CRiS
- Formation: 1992
- Type: Touring caravan registrar
- Region served: United Kingdom
- Parent organization: National Caravan Council
- Website: www.cris.co.uk

= Central Registration and Identification Scheme =

UK's national register of caravans

The Central Registration and Identification Scheme (CRiS) is the UK's national register of caravans.

== History ==

CRiS was launched in 1992 by the National Caravan Council (NCC) in conjunction with Hire Purchase Information (HPI) in an effort to prevent caravan theft.

== Operation ==

Since launch, all NCC member caravan manufacturers assign each new caravan a 17-digit Vehicle Identification Number (VIN) with the number etched into the side windows of the vehicle, and stamped into the chassis. Upon purchasing a new caravan, the dealership registers the caravan with CRiS and the owner is provided with a Touring Caravan Registration Document which details the make and model of the caravan along with its VIN. It is also possible to register caravans built before 1992 retrospectively with CRiS. The CRiS registration can be checked when purchasing a second-hand caravan to verify the caravan is not stolen and also has no outstanding finance or been written-off.

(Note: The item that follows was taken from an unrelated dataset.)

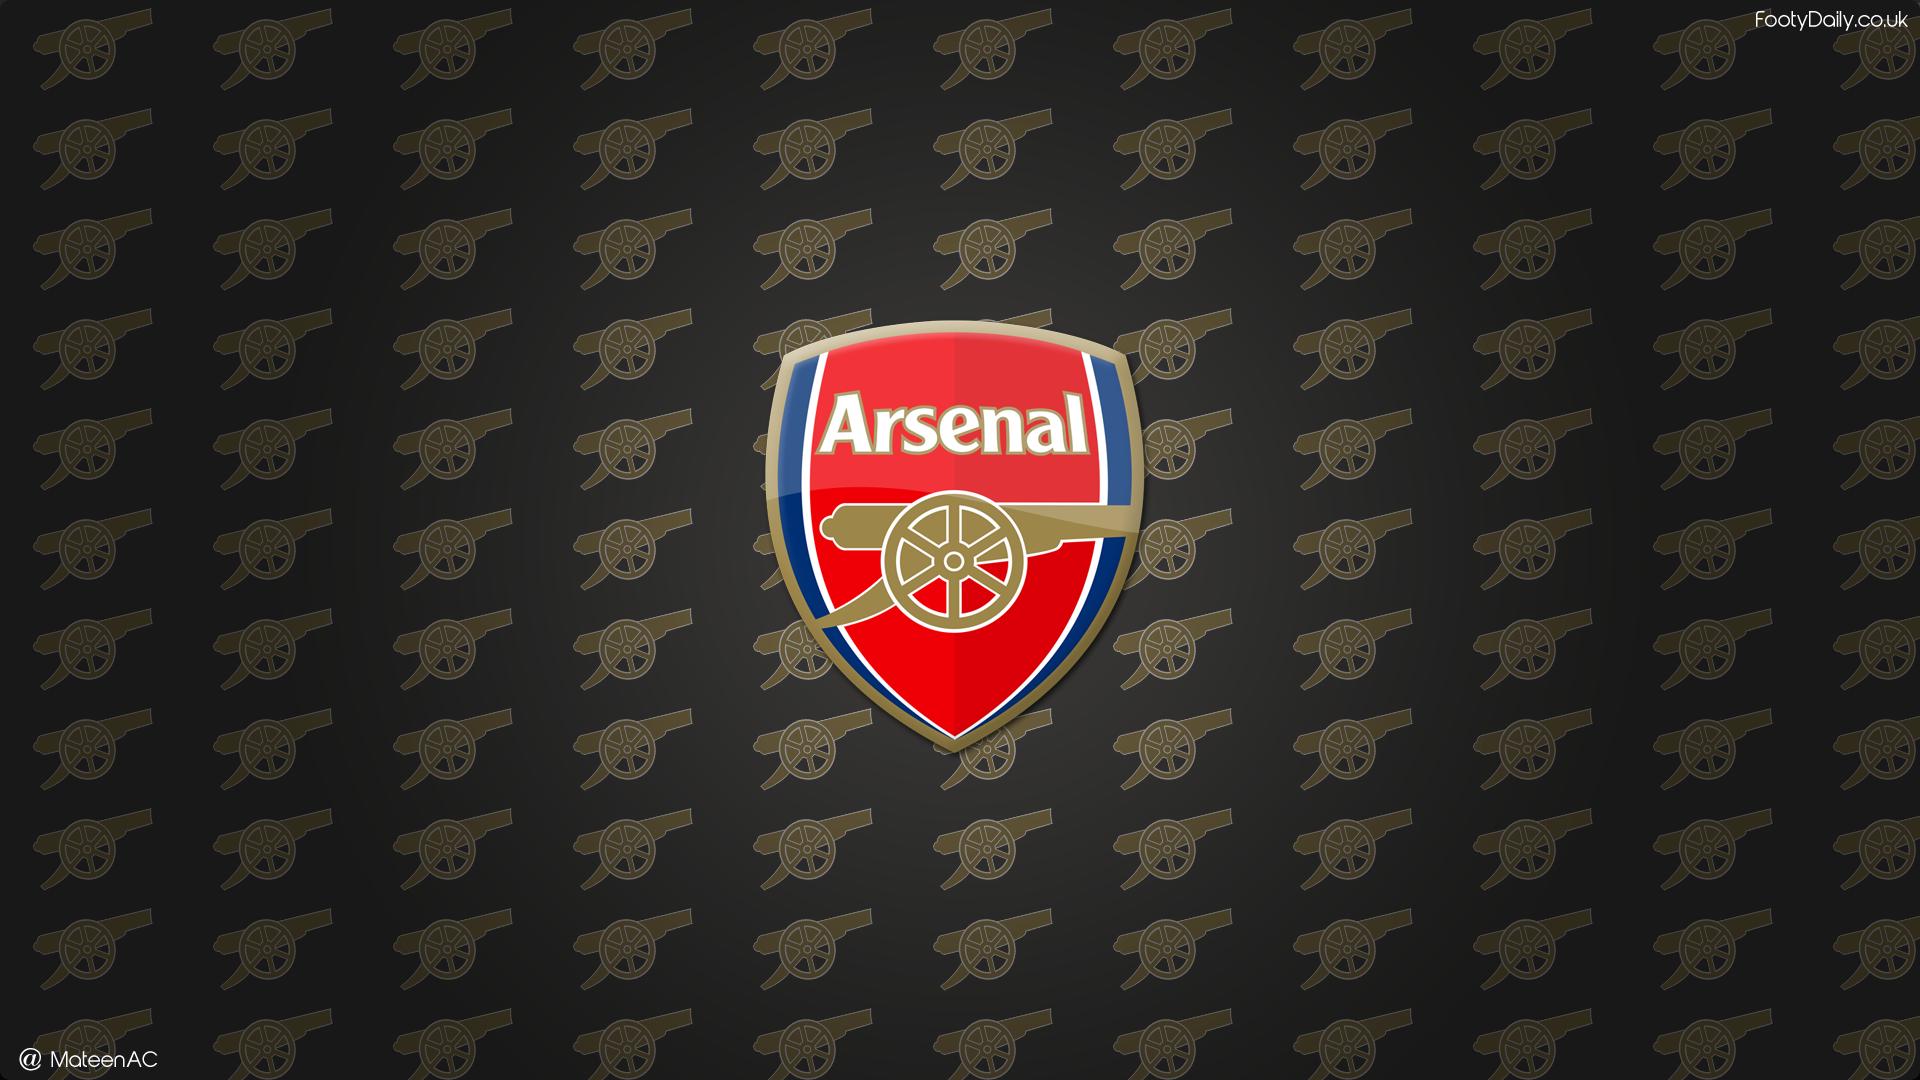 15 Arsenal Wallpaper HD 1920x1080

All UK touring caravans manufactured after 2016 by NCC members are also fitted with VIN Chip, a forensic security marking system comprising an RFID tag hidden inside the vehicle that can be read by law enforcement using a scanner, tamper-evident window lozenges bearing the vehicle's VIN, and scannable QR code stickers. Each VIN Chip registration is recorded on the CRiS database.

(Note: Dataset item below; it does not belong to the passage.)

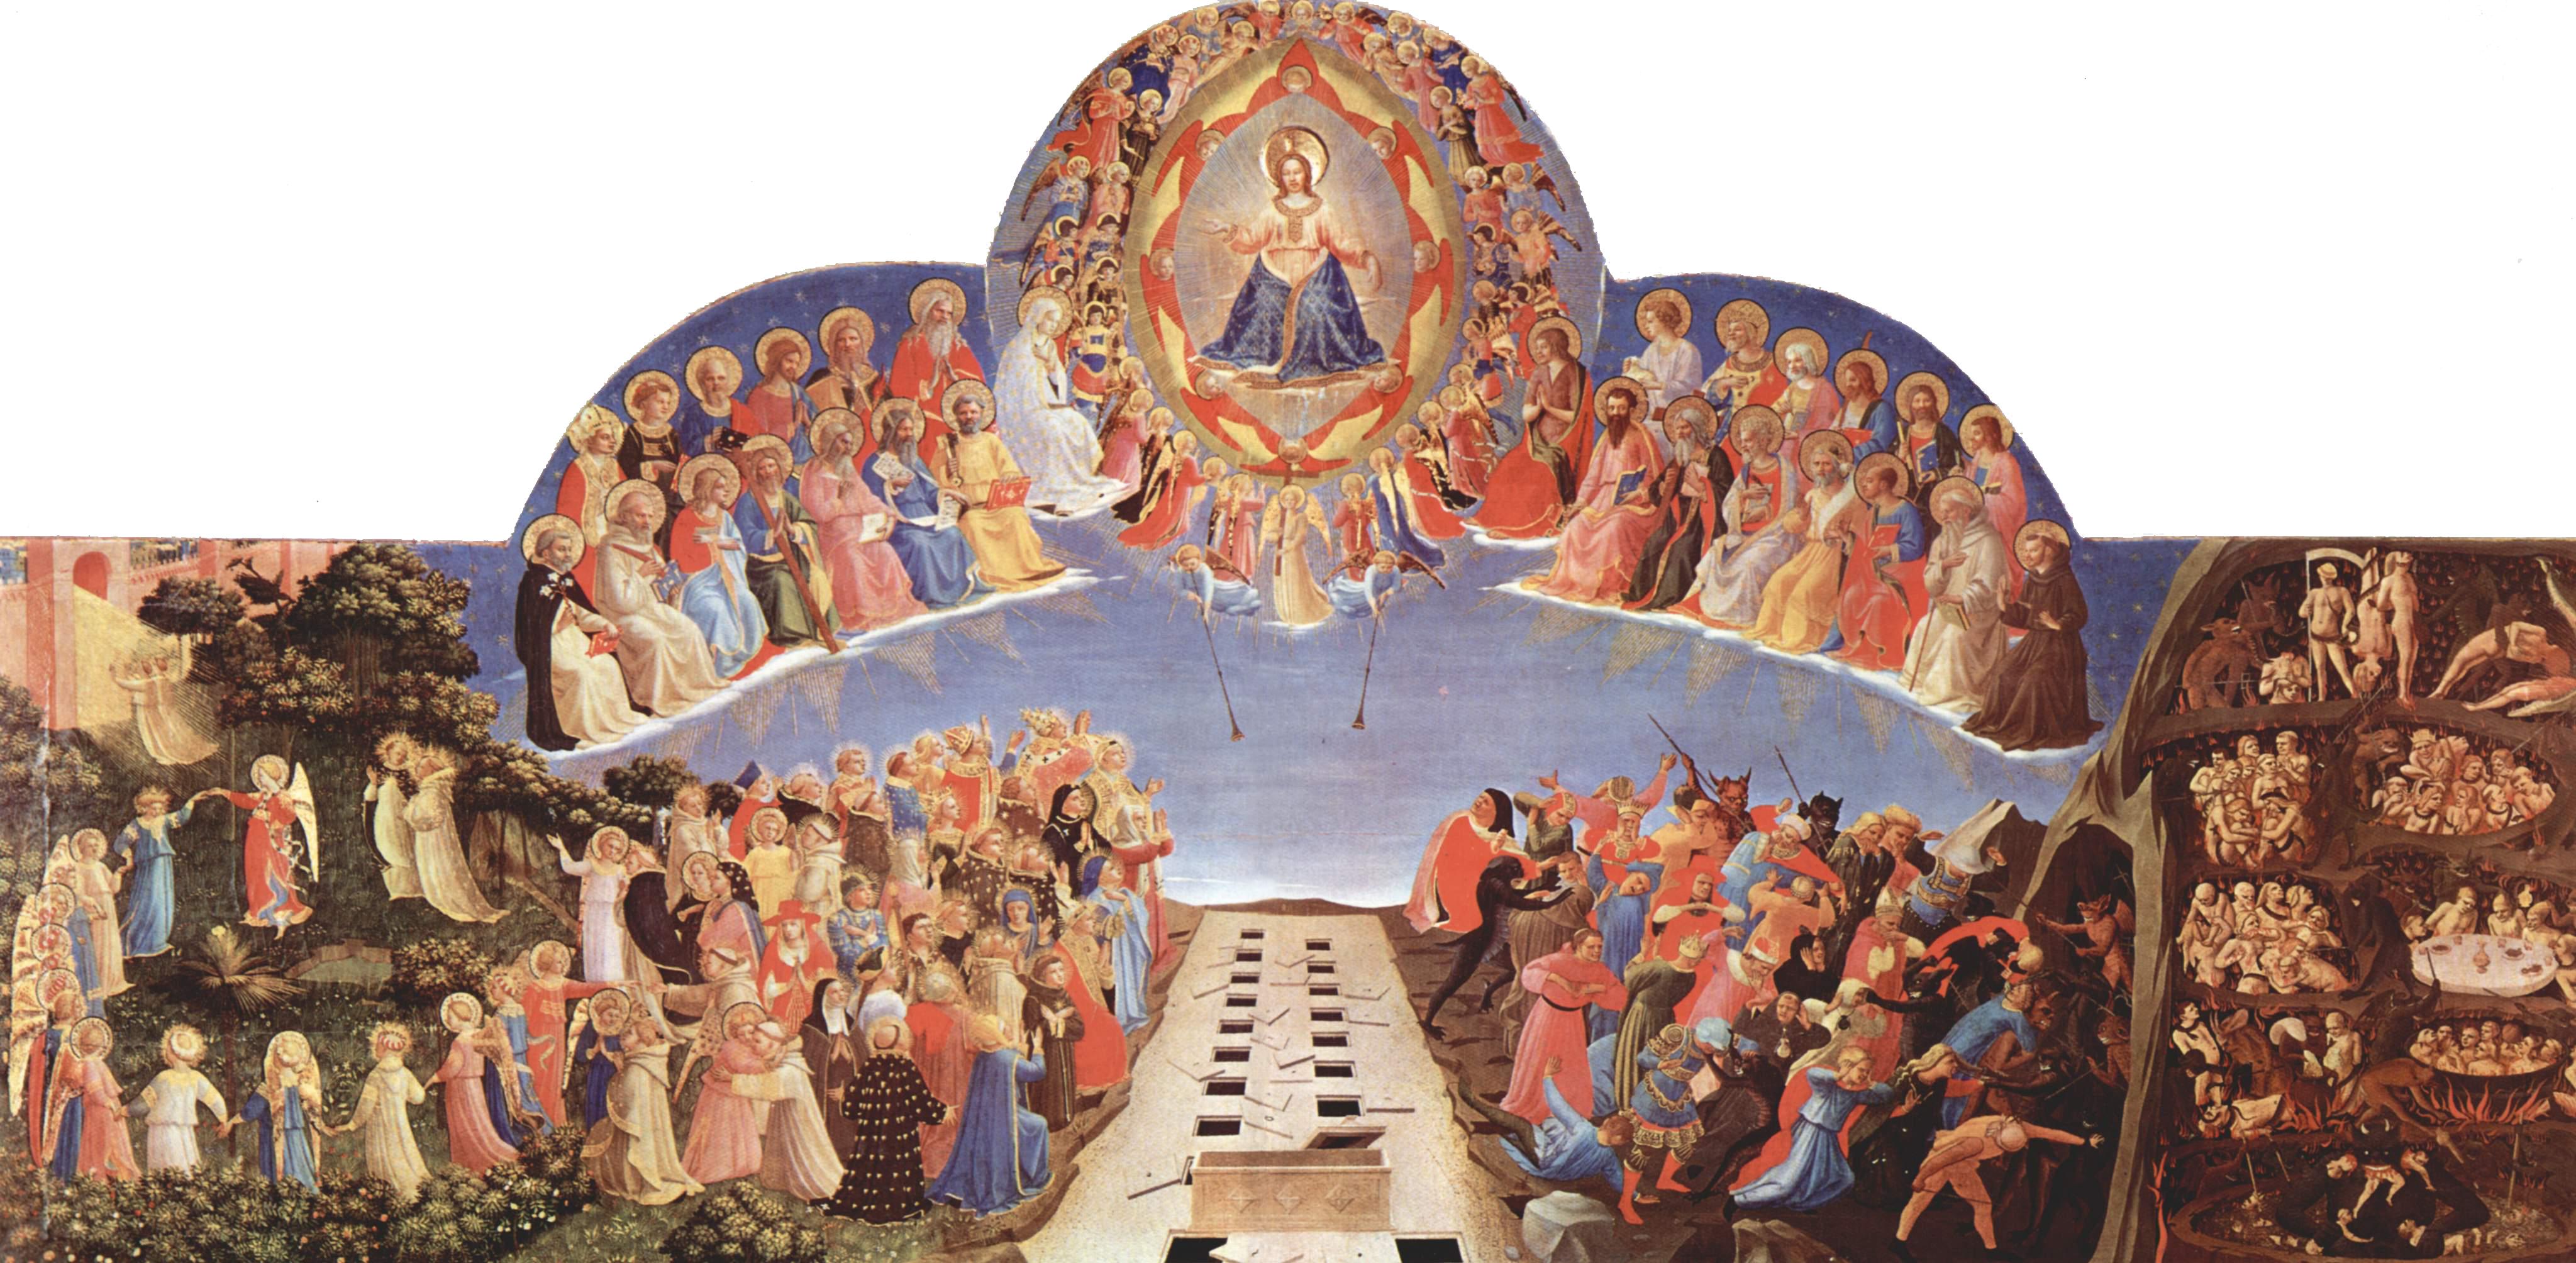 LISTE DES SAINTS CATHOLIQUES - bijoux-pierres-et-bien-etrecom

Unlike the V5C registration document used by the DVLA for registering motor vehicles, it is not a legal requirement to hold a CRiS registration for a caravan; however, most insurers require a CRiS registration document in order to provide cover.

== VIN encoding ==

The assigned VIN number, whilst being unique to each vehicle, also encodes certain information about the vehicle.
For example, the VIN SGBS000BYA1234567 can be broken down as follows:

CRiS VIN number encoding
S; G; B; S; 0; 0; 0; B; Y; A; 1; 2; 3; 4; 5; 6; 7
Meaning: Country of manufacturer; Make of caravan; Number of axles; Optional data; Manufacturer; Year of manufacture; Caravan serial number
Example value: UK; Bailey; S: Single, T: Twin; Typically the caravan model; Bailey; A: 2010; 1234567

Where manufacturer codes are defined as follows:

| Code | Manufacturer |
|---|---|
| AB | ABI |
| AD | Adria |
| AV | Avondale |
| BE | Bessacarr |
| BY | Bailey |
| CL | Carlight |
| CM | Coachman |
| CP | Compass |
| CS | Cosalt |
| CU | Sprite |
| EL | Elddis |
| EX | Explorer Group |
| FL | Fleetwood |
| LU | Lunar |
| SW | Swift Group |

and where year of build codes are defined as:

- Letters N to Y denoting each year from 1992 to 2000 respectively
- Numbers 1 to 9 denoting each year from 2001 to 2009 respectively
- Letters A to M denoting each year from 2010 to 2021 respectively
After 2021, the letters roll over back to N, and thus N-Y denote each year from 2022 to 2030.